The Jerusalem Post

Will Israelis become UberX drivers?

- NIV ELIS

A bill that would allow Uber’s car-sharing service UberX to operate in Israel headed to the Knesset Monday, but faces tough opposition from Transporta­tion Minister Israel Katz.

Though Uber has operated in Israel since 2014, Israeli regulation bars its most valuable feature, which allows regular drivers to become makeshift cabbies. Instead, Uber in Israel operates similar to its Israeli competitor Gett, which allows users to order cabs via a smart phone app and pay with a preloaded credit card.

The new bill, submitted by Likud MK Amir Ohana, would eliminate the ban on drivers accepting payment for giving rides.

“It makes no sense that in a high-tech superpower – the Start-up Nation – at the forefront of global technology, that the branch of public transport is being managed exactly as it was at the state’s founding,” Ohana said.

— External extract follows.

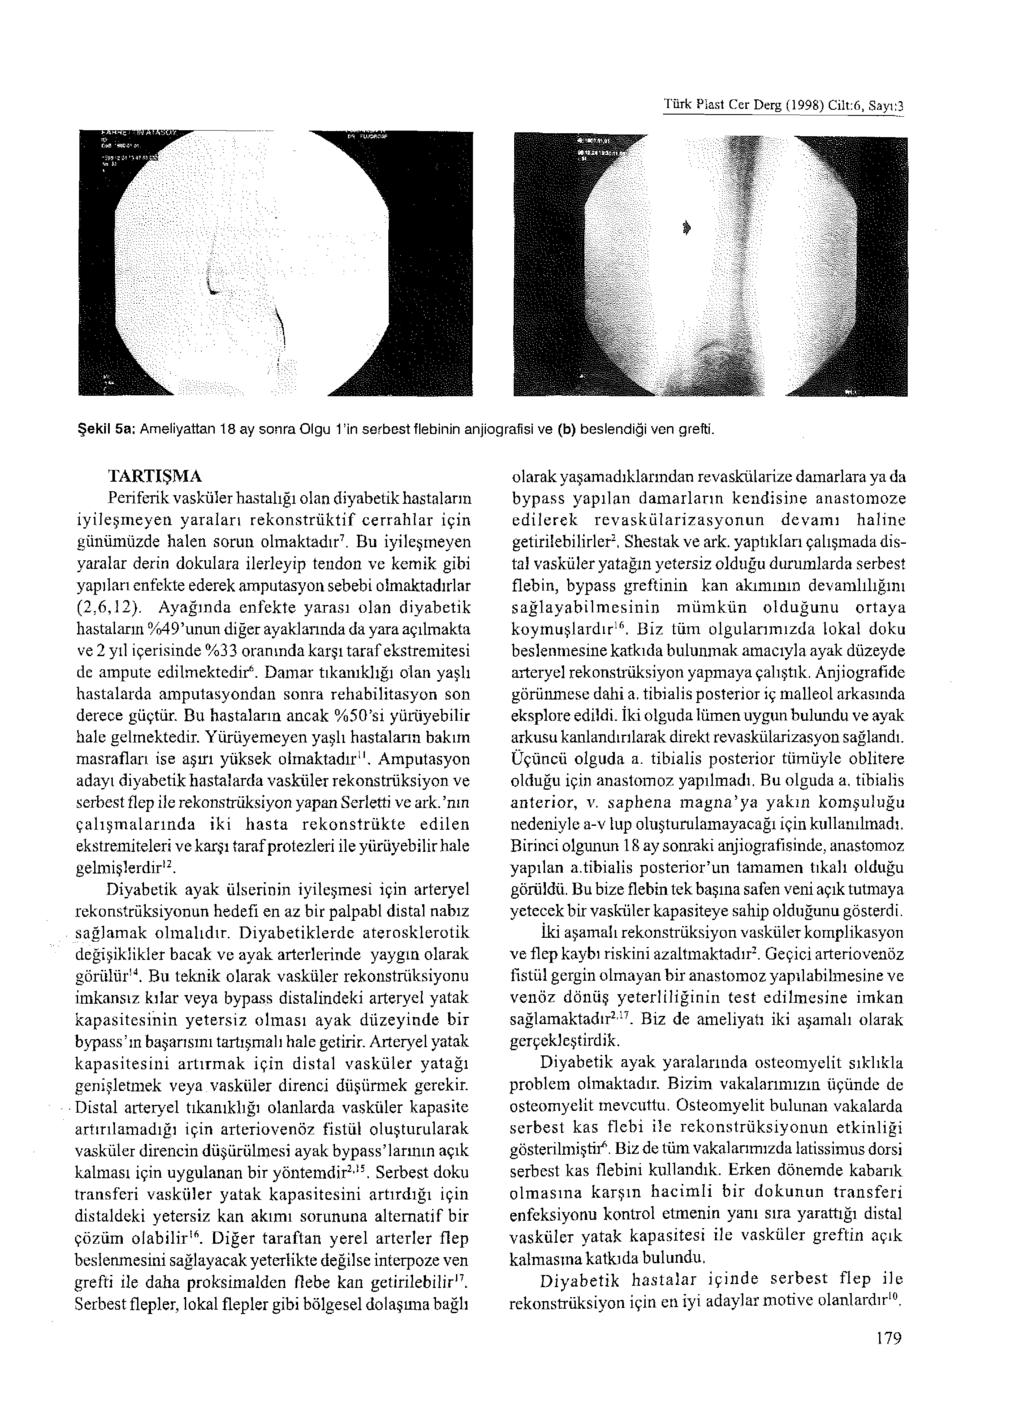 Türk Plast Cer Derg (1998) Cilt:6, Sayı:3 Şekil 5a: Ameliyattan 18 ay sonra Olgu 1 in serbest flebinin anjiografisi ve (b) beslendiği ven grefti.

But the bill has not yet earned the support of Prime Minister Benjamin Netanyahu, and faces stiff opposition from Katz, also from the Likud.

In January, Katz and Netanyahu sparred over UberX after Netanyahu met Uber founder Travis Kalanick at the World Economic Forum in Davos and wondered why the service wasn’t operating in Israel.

Netanyahu backed down, and the next day, Katz told the Knesset Economic Affairs Committee, “If the state wants to put it in place, it should decide and prepare to pull NIS 8 billion to NIS 9 billion from its pockets to compensate the cab drivers.”

Taxi drivers in Israel are put through a costly eight-month licensing course before they are allowed to drive cabs.

Ohana says his bill would include a mechanism to compensate taxi license holders, and still require rigorous screening and criminal background checks for would-be UberX drivers.

“The compensati­on mechanism for taxi drivers in the bill is the most generous in the world, and ensures they will not be harmed,” he said.

But he also threw a word of caution at the taxi unions that have opposed any such changes.

“At a time when we are talking about autonomous cars coming onto the road by 2020, it’s clear that from here on out, the compensati­on offer will only be reduced,” he said.